Enclosure 500 may include a plurality of shock wave emitters where at least one of the plurality of shock wave emitters has a different outer diameter than the other shock wave emitters. In some embodiments, one or more relatively larger emitters (e.g., those having a larger outer diameter emitter band) may be located at the proximal side than one or more relatively smaller emitters. By having differently sized emitters within a tapered balloon and positioning larger emitters at the proximal side of the enclosure and hence positioning the spark gaps closer to the enclosure wall, sonic output at different regions of the enclosure may be more consistent than if all of the emitters were the same size.

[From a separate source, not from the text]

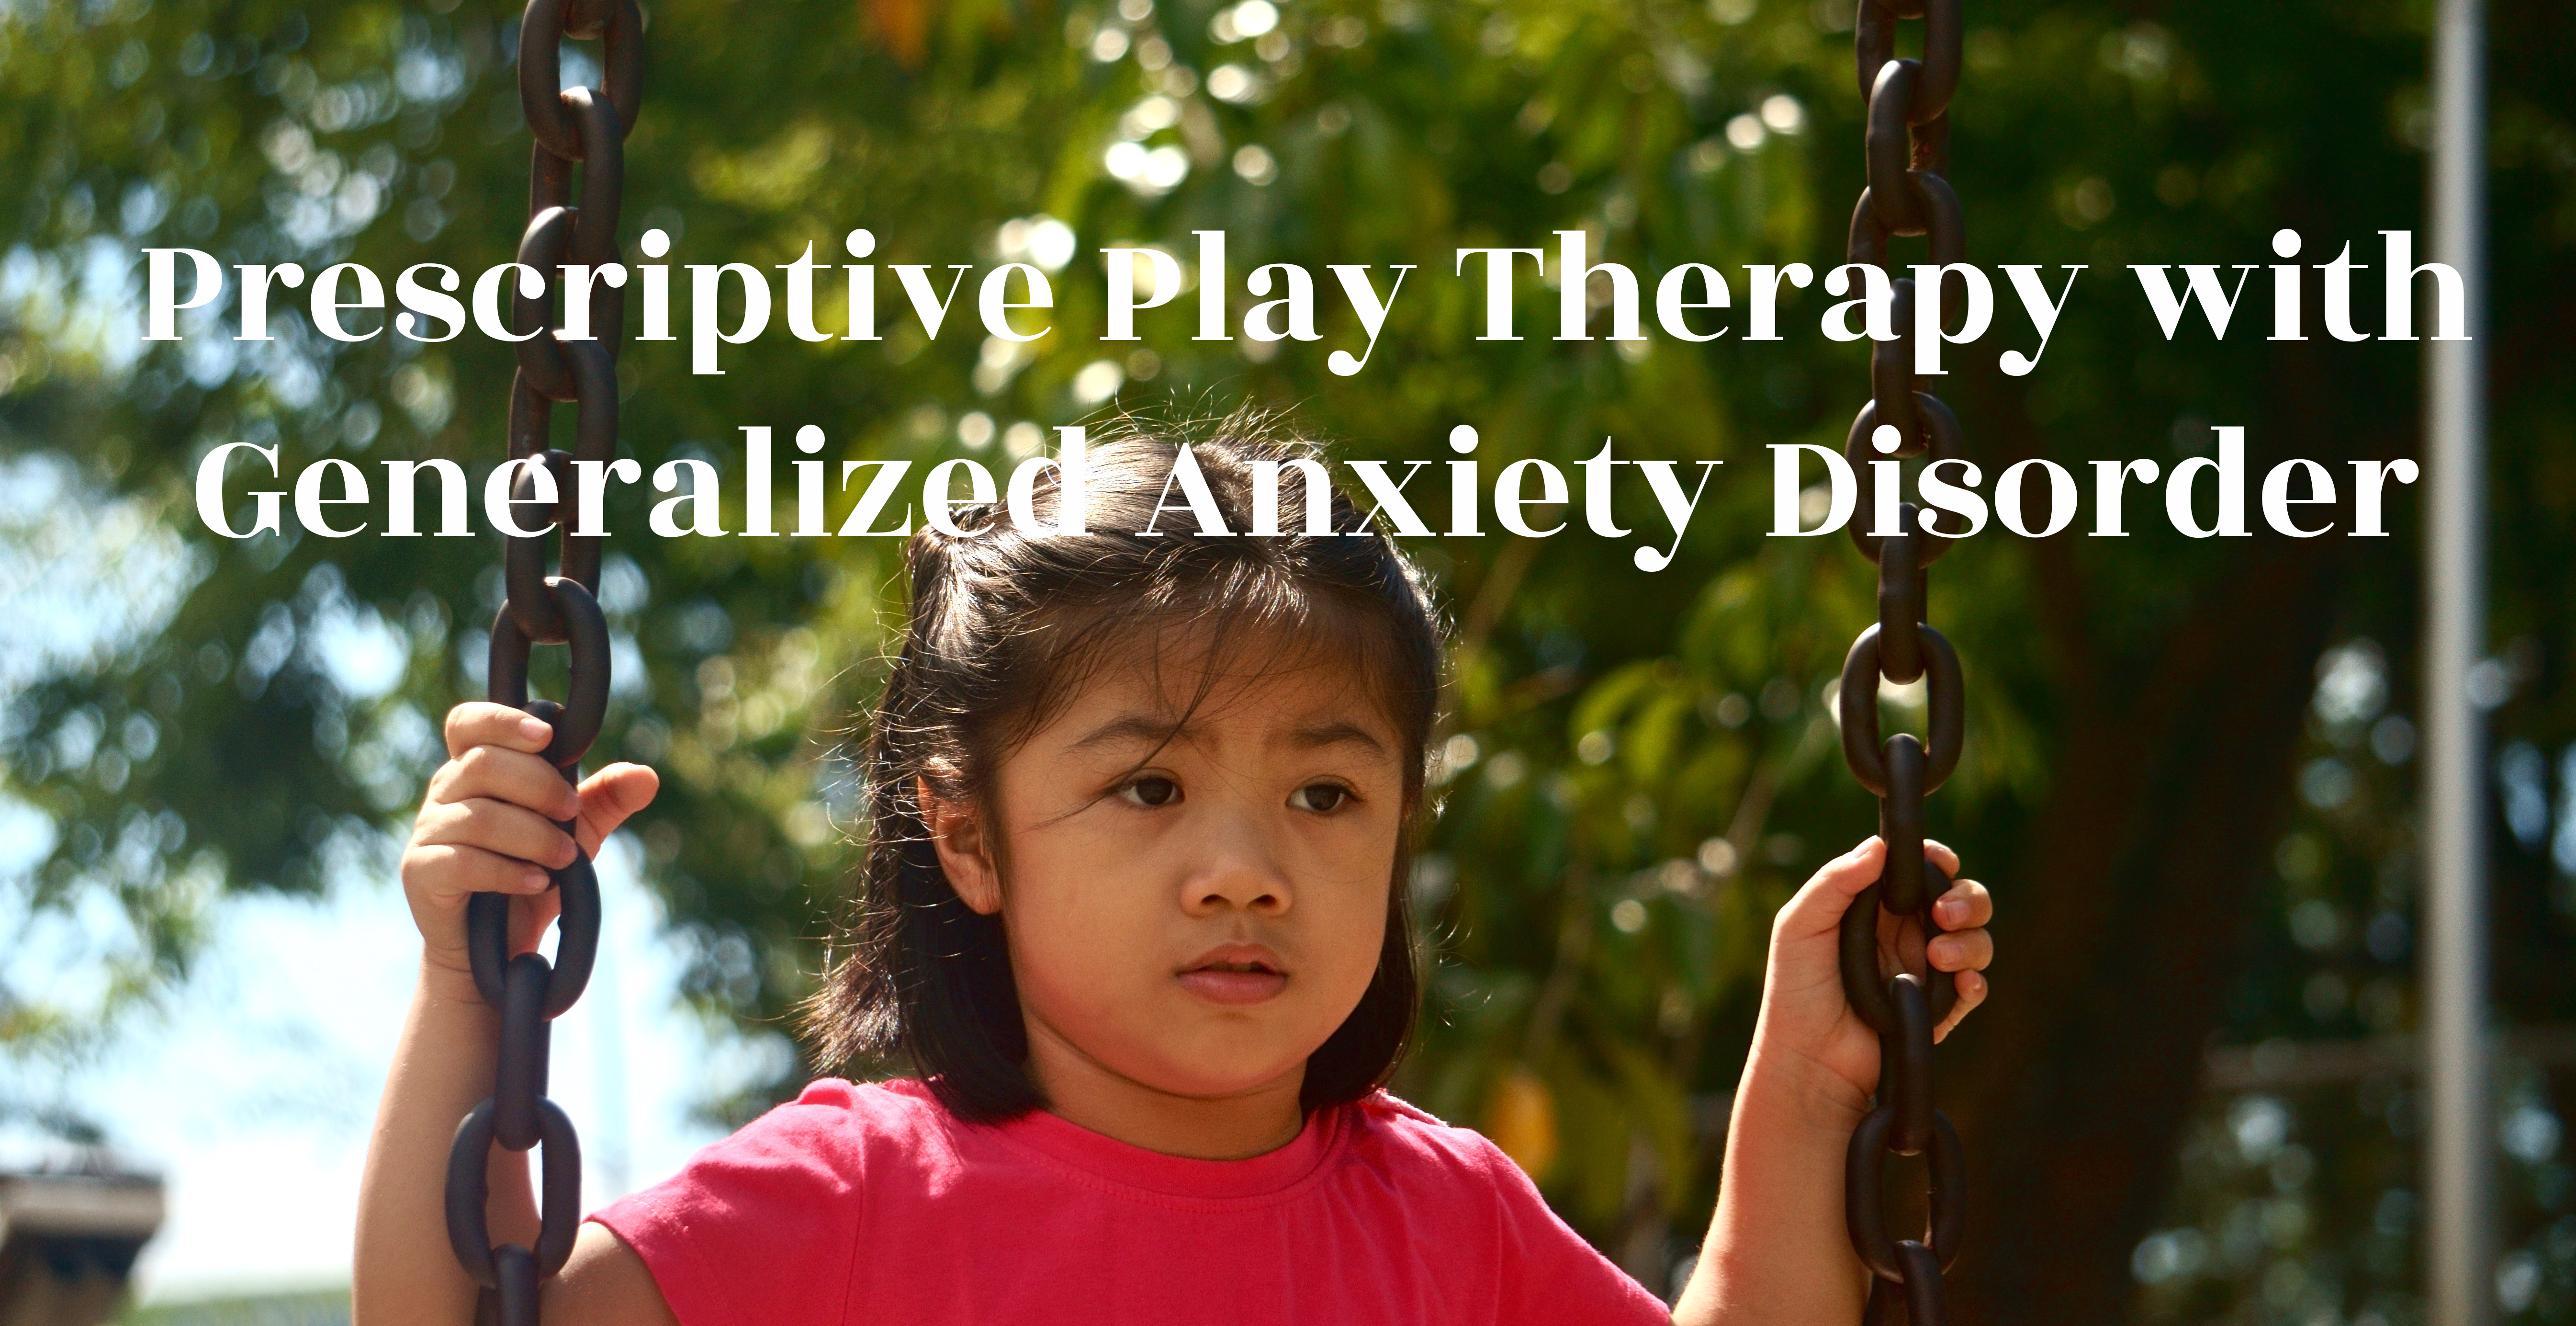 Play Therapy with Generalized Anxiety Disorder
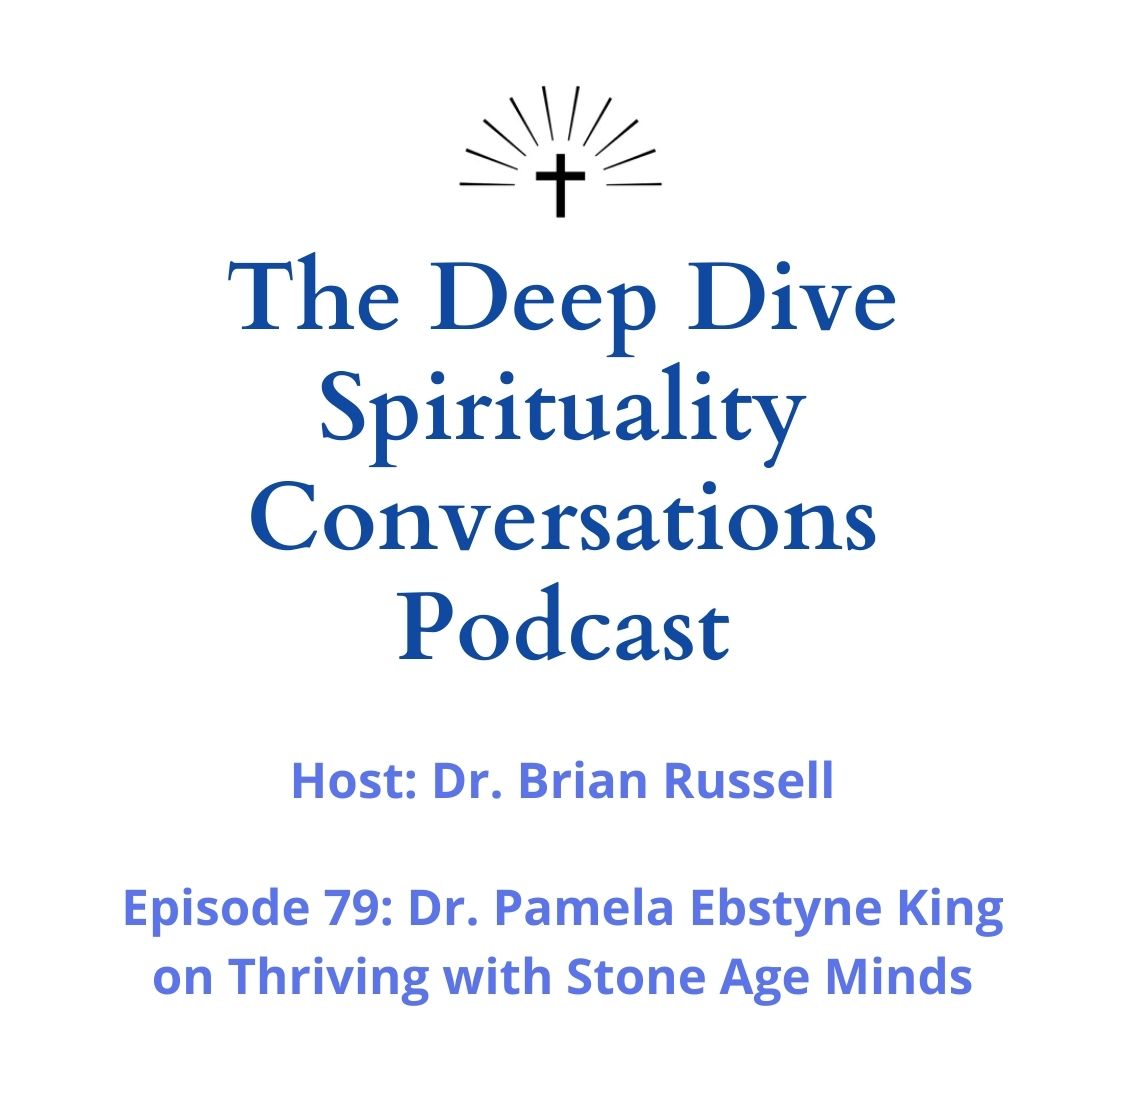 The Deep Dive Spirituality Conversations Podcast, Ep 79

FIG. 6 illustrates a shock wave emitter 600 that may be included as part of a shock wave catheter, according to aspects of the disclosure. Shock wave emitter 600 may include an emitter band 610 that includes a conductive surface 612. Conductive surface 612 may form a first electrode of a first electrode pair. As shown in FIG. 6 , conductive surface 612 may be an inner surface of an aperture 614 of emitter band 610. Emitter 600 may include a second electrode of the first electrode pair that is formed at a conductive, uninsulated surface 622 of a first conductor 620. Current from a voltage pulse may be delivered from a voltage pulse generator by conductor 620 to and across the first electrode pair generating a shock wave that propagates away from aperture 614. The current may further be delivered across a second electrode pair at the emitter 600 (not shown) generating another shock wave at the second electrode pair and return by second conductor 630 to the voltage pulse generator. In some embodiments, the second conductor may be shorted to the emitter band 610 such that shock waves are only generated at the first electrode pair. In some embodiments, rather than a conductive surface of the first conductor 620, the second electrode of the first electrode pair may be formed by another conductive surface of another conductive member that is in electrical contact with the first conductor 620. In some embodiments, a plurality of emitters, each emitter including an emitter band, are connected in series to each other such that a voltage pulse generates a shock wave at each electrode pair of the emitters connected in series. These electrical configurations may be applicable to the other emitter structures described herein.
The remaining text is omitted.